As discussed in our blogs concerning recording telephone conversations and other forms of technological spying, it is never advisable to intentionally spy on your spouse. But, if you unintentionally discover evidence of adultery or if you have other reasons to believe your spouse may be cheating, you may use Georgia's discovery process to uncover potentially admissible evidence to prove adultery. In fact, the discovery process may be used to uncover more evidence, even if the information originally uncovered is itself inadmissible - so long as the discovery tools used are calculated to discovery potentially admissible information. This concept is clearly exemplified in the case of Ewing v. Ewing, A15A1422 (Ga. Ct. App. Sept. 3, 2015).

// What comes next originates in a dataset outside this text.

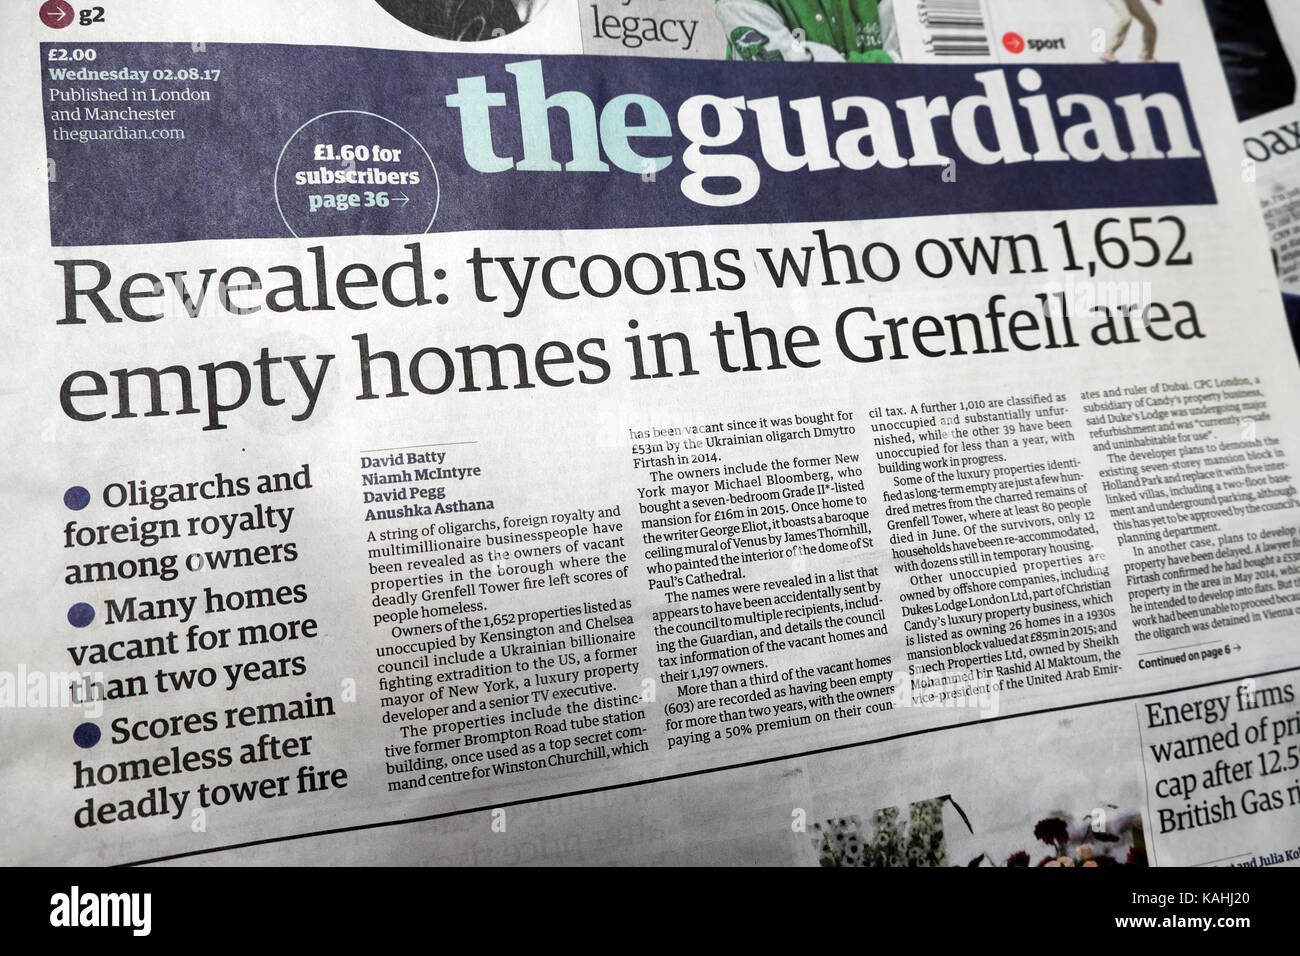 "Ha rivelato: magnati che possiedono 1,652 case vuote nella zona Grenfell' quotidiano Guardian headline 02,08.2017 Foto Stock

In Ewing, wife discovered pictures and videos of another woman on husband's phone tending to show husband was cheating. Once husband became aware of wife's discovery, husband filed for divorce. Wife responded by alleging adultery on the part of husband. To support her claim, wife used discovery tools, such as deposition and requests for production of documents to prove husband's affair. Specifically, wife sought to depose husband, husband's paramour, and served subpoenas on husband's cellular company. Husband sought to quash wife's subpoenas and asked the court to issue protective orders preventing the wife from engaging in discovery aimed at proving his adultery. Husband argued that any information gathered by wife would be "fruit of the poison tree" and inadmissible at trial. The presiding judge disagreed, and on interlocutory appeal the Georgia Court of Appeals affirmed the trial judge's decision holding:

Regardless of the admissibility or inadmissibility of the content of the husband's emails, including the photos and videos of [husband's paramour], the wife is entitled to engage in discovery which might lead to admissible evidence of the husband's alleged adultery. Consequently, the trial court did not abuse its discretion in denying the husband's motion for a protective order.

Id. If you are interested in learning more about this case, or this particular issue of Georgia divorce law, check out the case. Not only is it an informative case, but it is also a very interesting read.